Another Life (2001)
6/10
Evocative but anticlimactic
24 July 2005
Warning: Spoilers
It's sort of good to hear the Ilford accent represented in film, and this production is dressed and dramatised beautifully. There are no slouches among the cast either, Imelda Staunton and the two sisters being particularly convincing. Ioan Griffith too gives jolly good antihero. (SPOILER) So it's a shame that this film really just crashes to a halt. Maybe it's the stage origin, or the ultimate banality of the actual crime - which is what, fifteen years coming? - World War One seemed to last all of three minutes. Another Life is performance led, and these are top class, but the obscenity of the merciless convictions is done too fast.
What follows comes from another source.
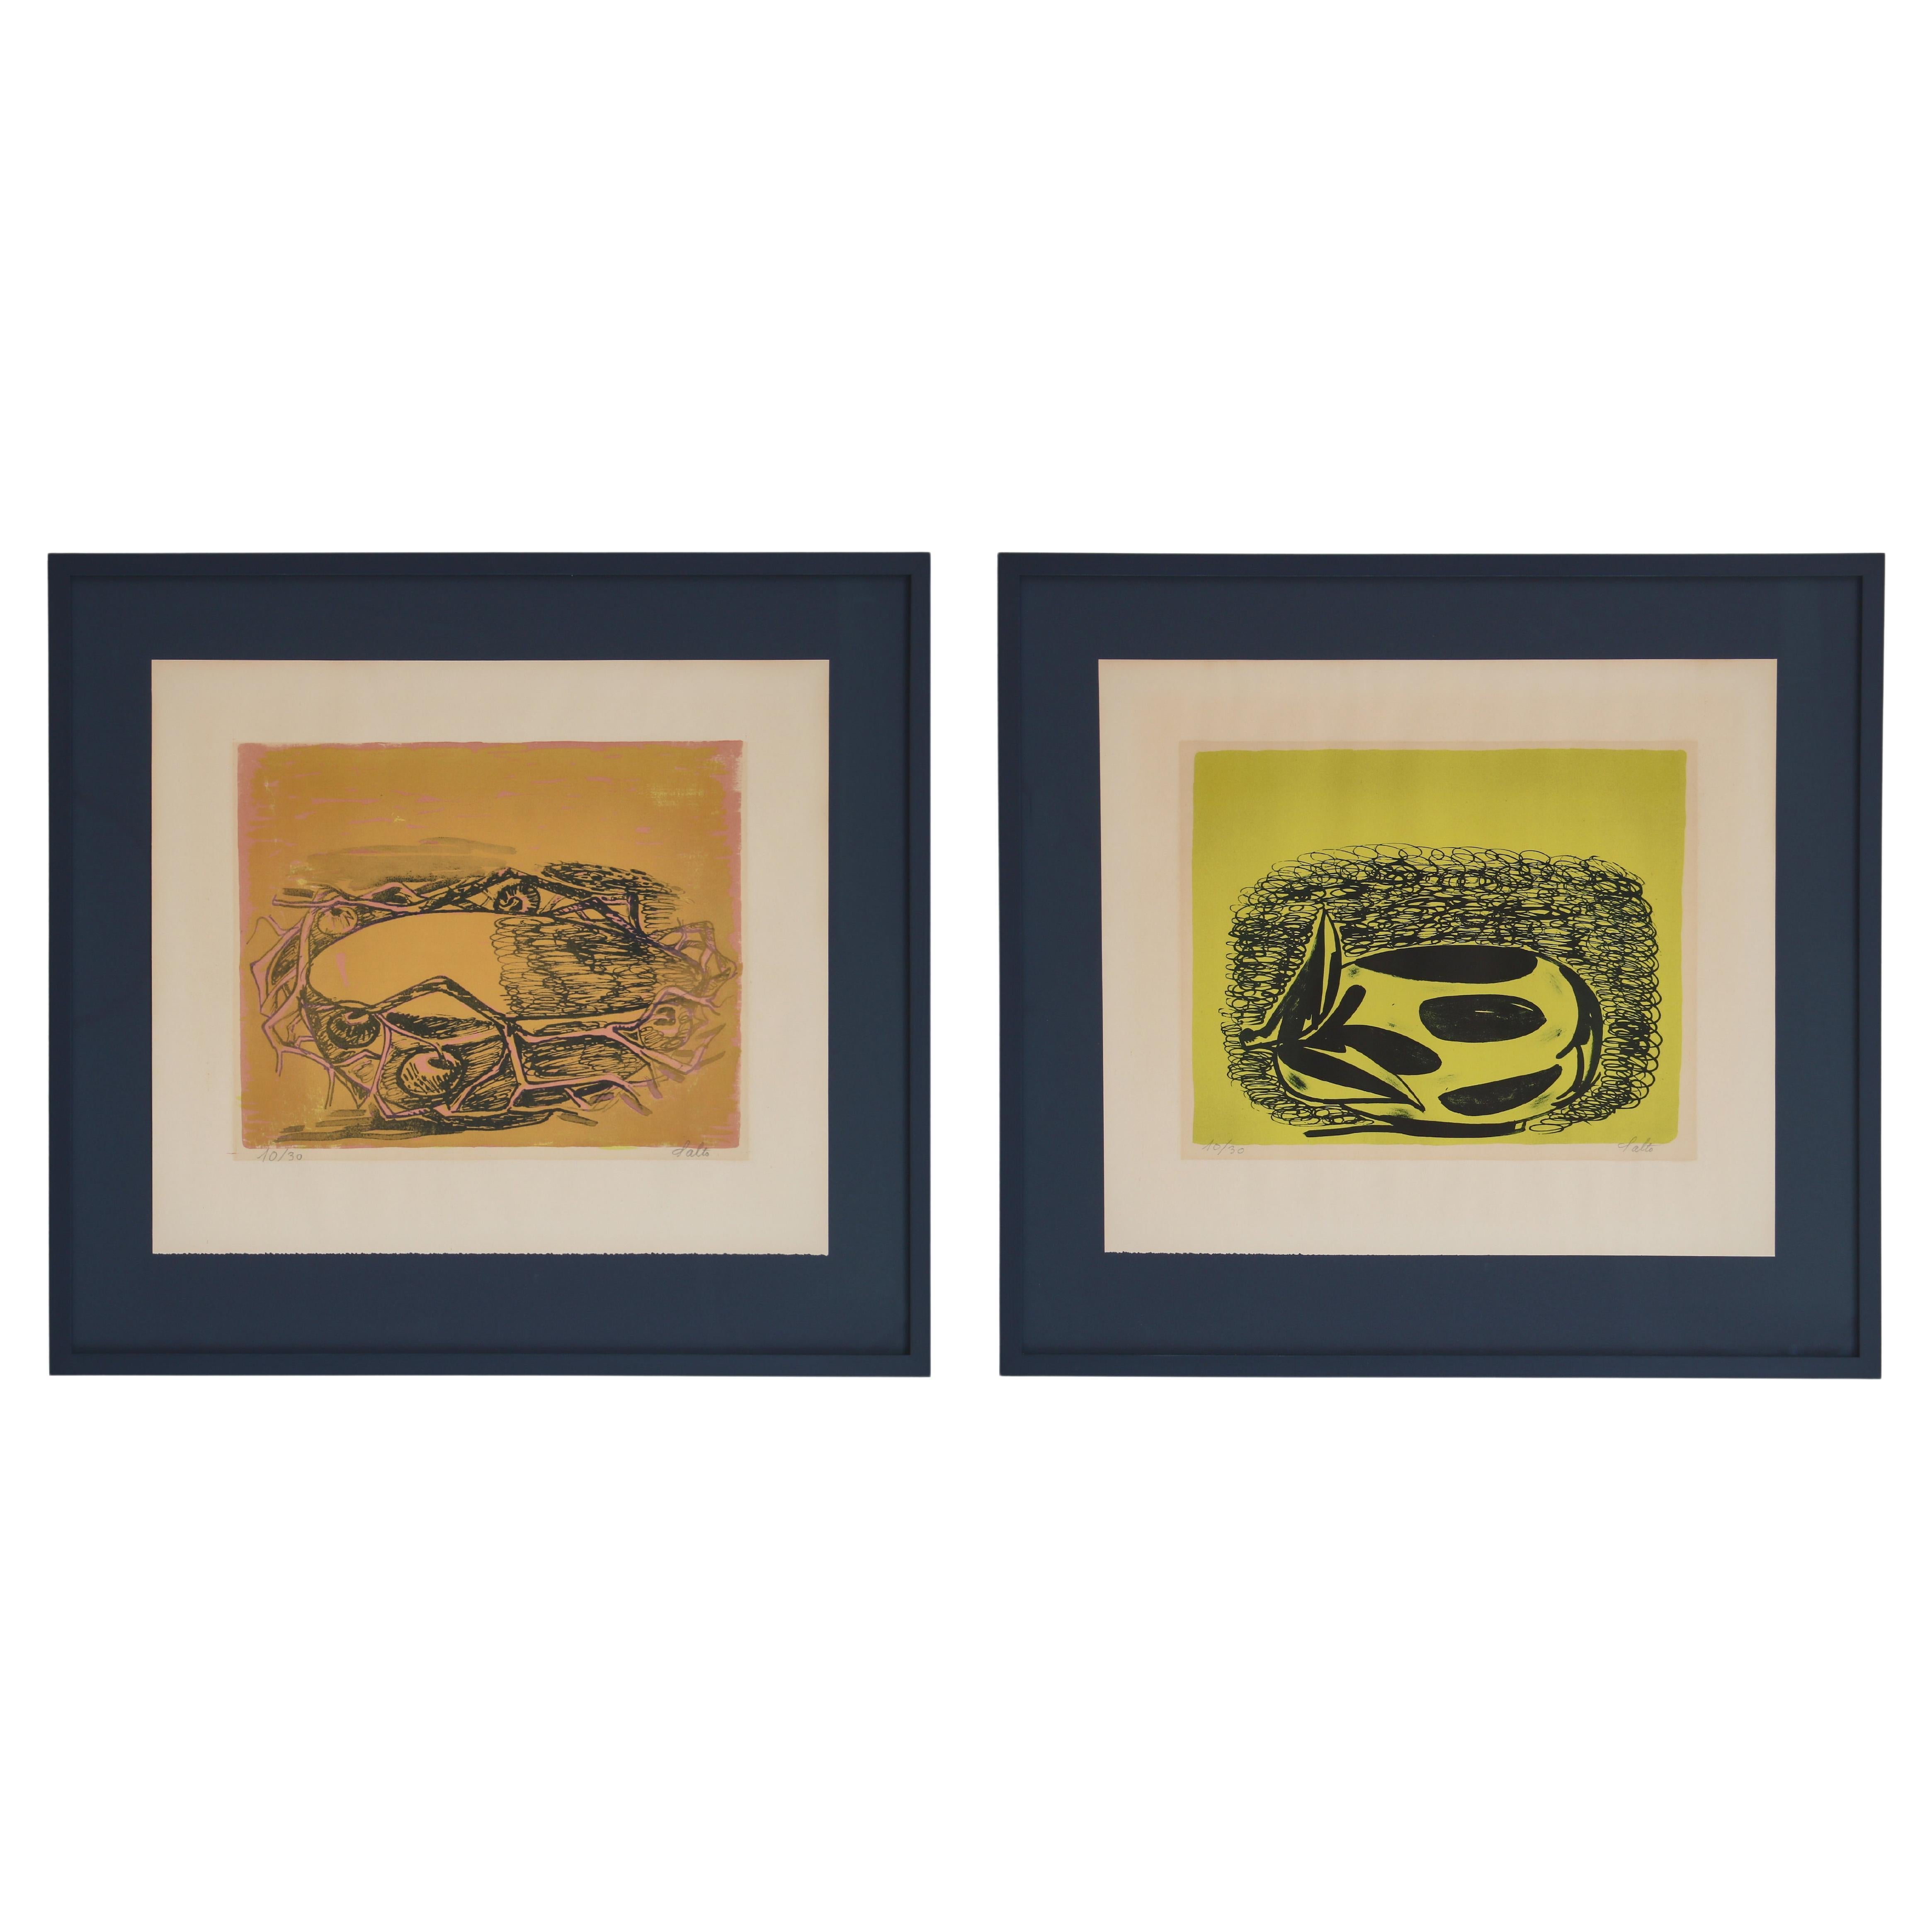 Pair of Original Axel Salto Lithographies in Blue Frames, 1930s For Sale

It's just not tragic enough, in spite of Natasha Little's redefinition of the cliché execution scene. Somewhere among the period detail, emancipation of women and general air of repressed sexuality this movie loses its focus on who's actually the villain; is it the abused but spoilt Edith, or pathetic Percy the husband? How come Freddy Bywaters suddenly goes postal? Or is it just Edwardian society (strangely thinly populated, but hey, it's low budget) being dragged into the twentieth century? (Big-ups to Elizabeth McKechinie as the Mother-in-Law from Hades at this point). If you enjoy atmospheric old British second features like This Happy Breed, It Always Rains on Sunday, or the more modern Scandal, you'll enjoy Another Life, a dependable British period drama which will stand repeat viewing. But it won't thrill you all the way to the end.